I would accordingly affirm the District Court’s order and permit the prosecution for conspiracy to commit tax evasion to proceed.
. In Haas v. Henkel, the defendants were charged with conspiring to defraud the United States (obtaining secret government information) and conspiring to commit an offense against the United States (using bribery to obtain the information). 216 U.S. 462, 30 S.Ct. 249, 54 L.Ed. 569 (1910). The Haas Court found that the indictment properly charged a conspiracy to defraud the United States because "such a conspiracy [need not] contemplate a financial loss,” but need only have as its purpose "impairing, obstructing, or defeating the lawful function of any department of government.” Id. at 479, 30 S.Ct. 249. The Court also found that the indictment properly charged a conspiracy to commit an offense against the United States because it is a crime to bribe any government official "to do any act in violation of his lawful duty.” Id. at 480, 30 S.Ct. 249.
. See United States v. Williams, 705 F.2d 603, 624 (2d Cir.1983) (finding that one count alleging a conspiracy to defraud the United States and to commit various substantive offenses was not duplicitous because the conspiracy allegations were specific); United States v. Wiley, 979 F.2d 365, 367-68 (5th Cir.1992) (finding that one count charging a conspiracy to defraud the United States and to commit an offense against the United States was not duplicitous because it cited "the two underlying statutes which [the defendant] is charged with conspiring to violate and list[ed] ten overt acts in furtherance of the conspiracy”).

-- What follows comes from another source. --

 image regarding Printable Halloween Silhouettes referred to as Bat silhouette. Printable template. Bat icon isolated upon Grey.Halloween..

. The Court of Appeals for the Eighth Circuit found with little discussion (in the context of double jeopardy, not duplicity) that § 371 “plainly establishes two offenses.” United States v. Ervasti, 201 F.3d 1029, 1039 (8th Cir.2000). In United States v. Thompson, the Court of Appeals for the Tenth Circuit also found that double jeopardy does not bar prosecutions for conspiracy to commit mail fraud and conspiracy to defraud the United States under § 371. 814 F.2d 1472, 1476-77 (10th Cir.1987). But see United States v. Smith (David L.), 424 F.3d 992, 1000 (9th Cir.2005) (declining to apply Blockburger to assess double jeopardy because all of the conspiracy counts at issue alleged a violation of the same statute, § 371).

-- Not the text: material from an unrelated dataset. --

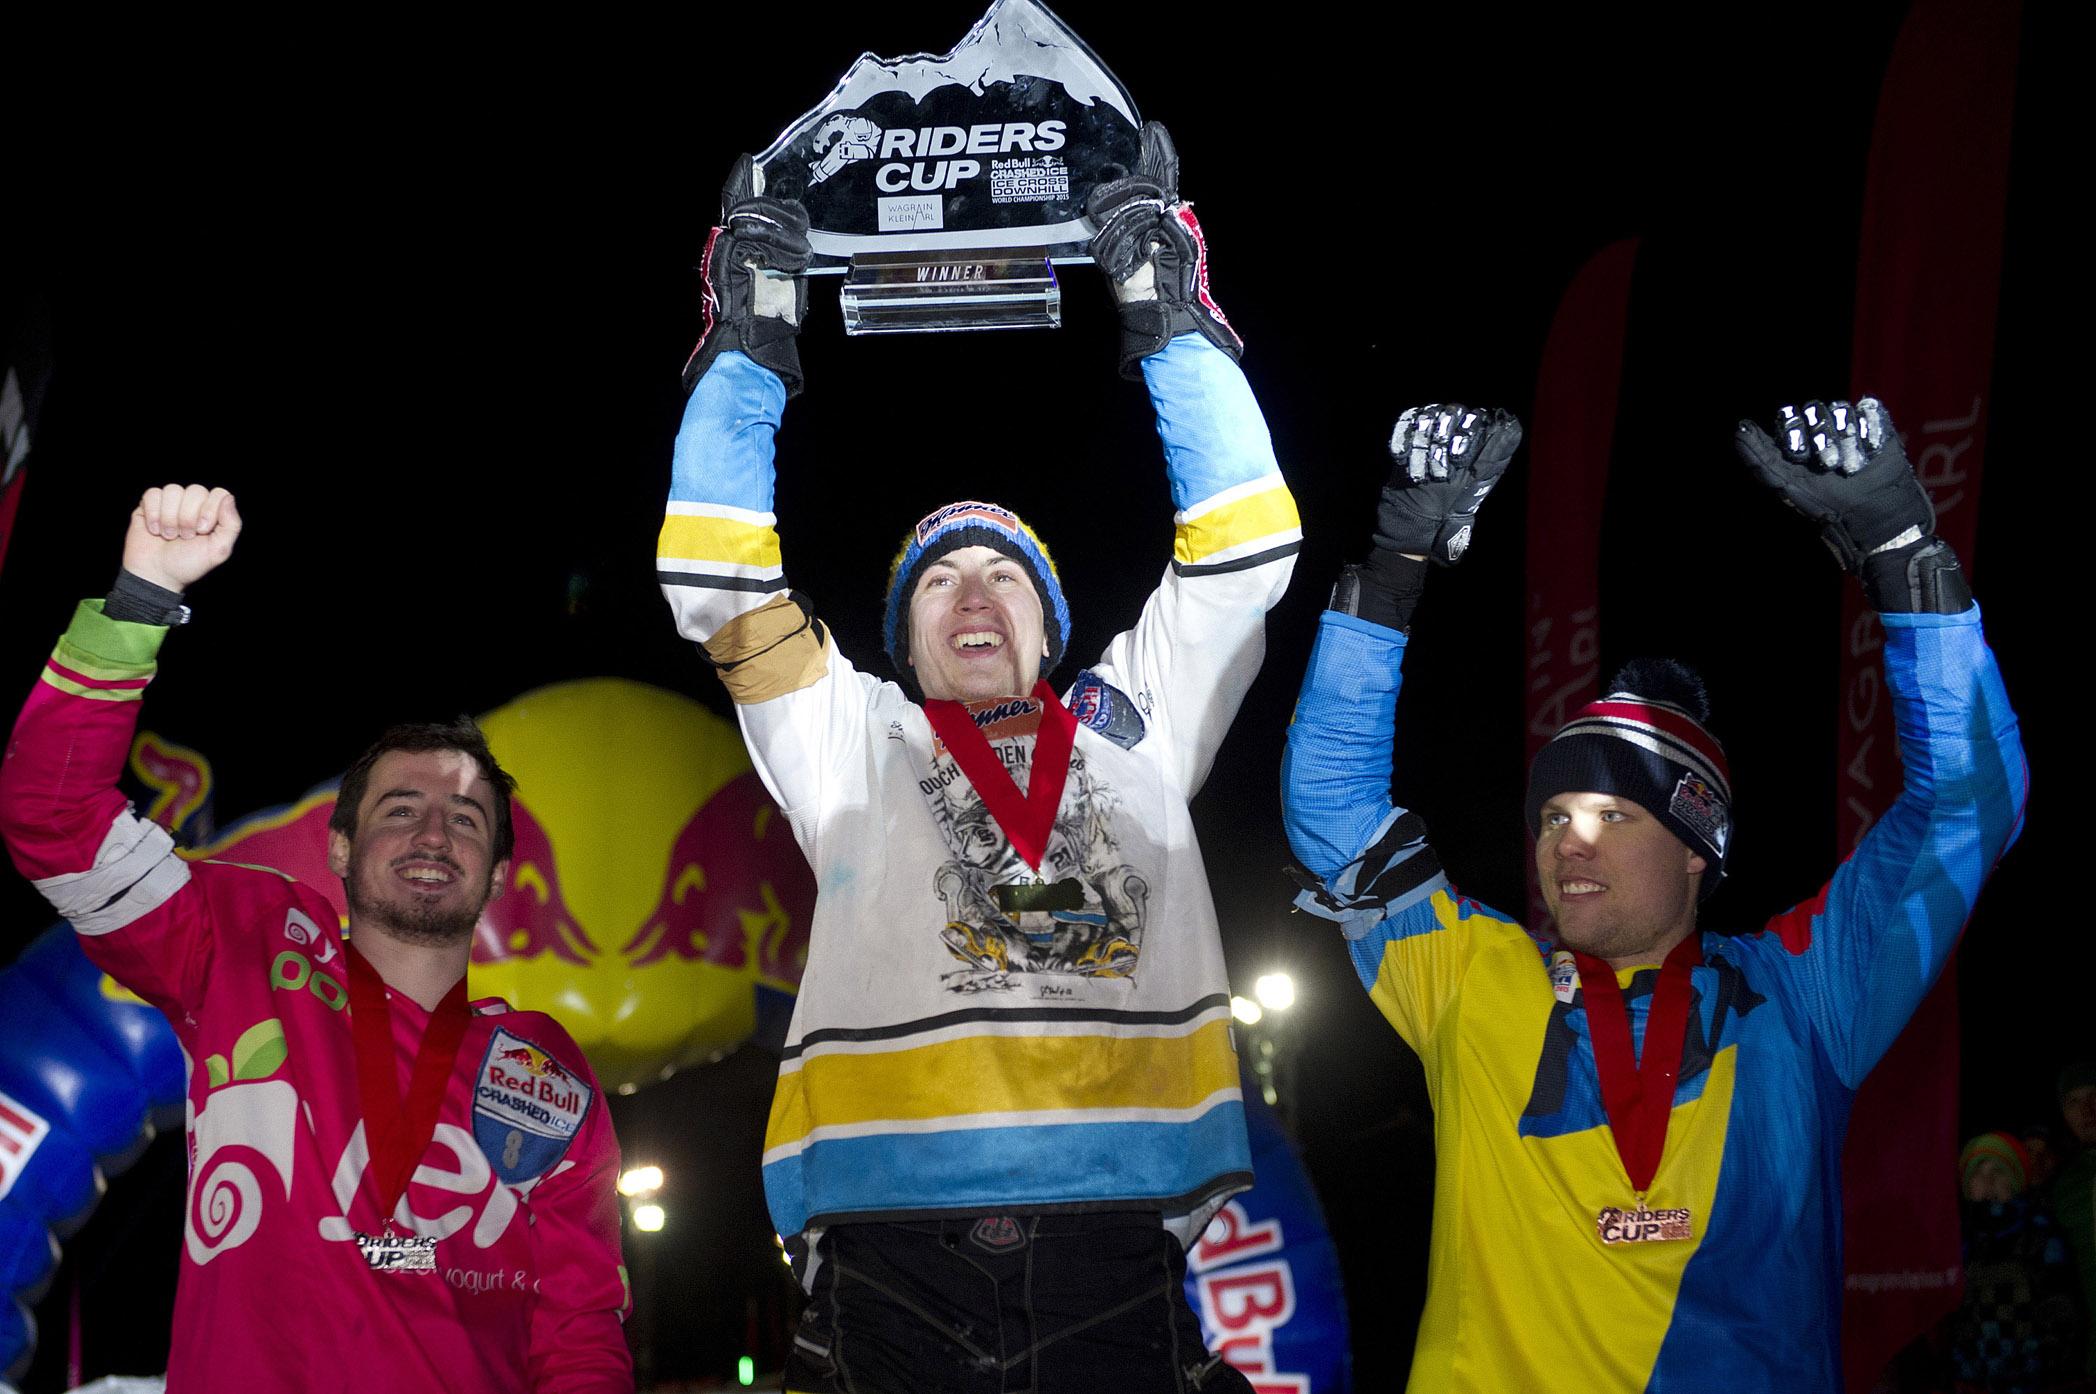 Ice Cross Downhill Riders Cup Wagrain-Kleinarl Austria

. Congress also separated out the defraud clause for statute of limitations purposes. Congress created a specific six-year statute of limitations “for offenses involving the defrauding or attempting to defraud the United States or any agency thereof, whether by conspiracy or not.” 26 U.S.C. § 6531.

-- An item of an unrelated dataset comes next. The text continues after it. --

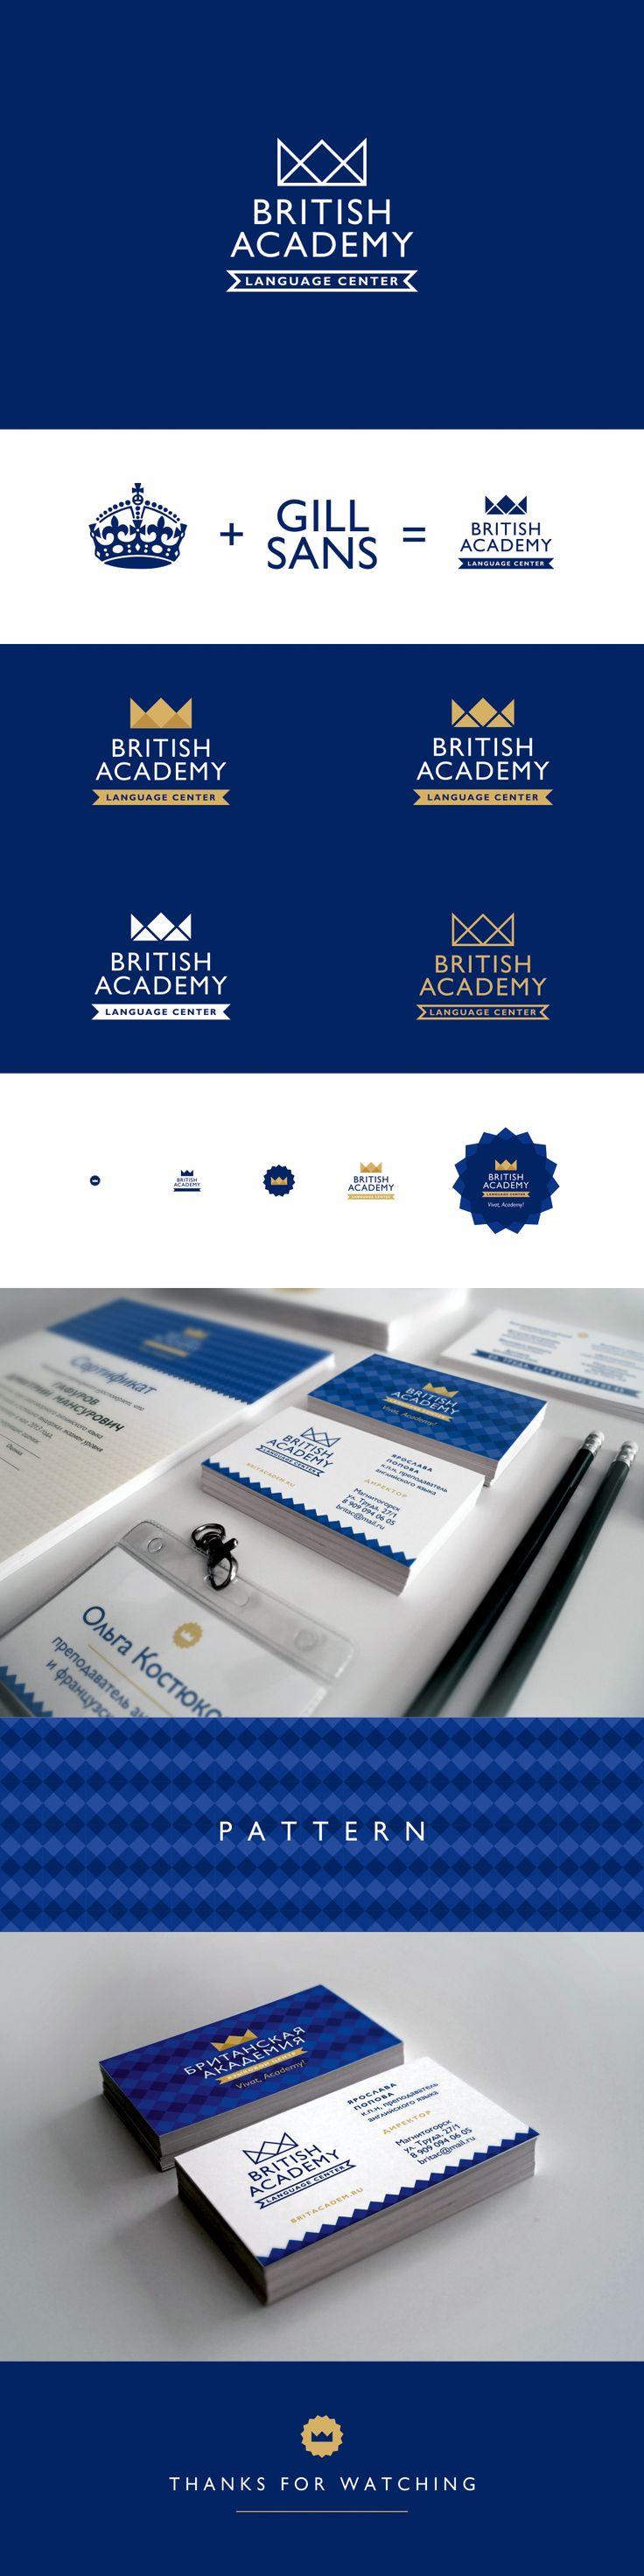 British Academy. Language Center on Behance

. Blockburger is "employed to ascertain whether the inference that [the legislature] intended multiple punishments is a reasonable one. If the Blockburger test is satisfied, it *223may be presumed that multiple punishments are authorized.” United States v. Xavier, 2 F.3d 1281, 1291 (3d Cir.1993) (quoting United States v. Maldonado-Rivera, 922 F.2d 934, 981 (2d Cir. 1990)). It is undisputed that the Blockburger test supports the inference that Congress intended the provisions in § 371 to create separate offenses because each requires proof of an element which the other does not. Maj. Op. n. 9. The District Court opinion by Judge Jones conducts a thorough analysis of the "offense” and “defraud” provisions under Blockburger and Albemaz. United States v. Rigas, 565 F.Supp.2d 620 (M.D.Pa.2008). I need not repeat it here.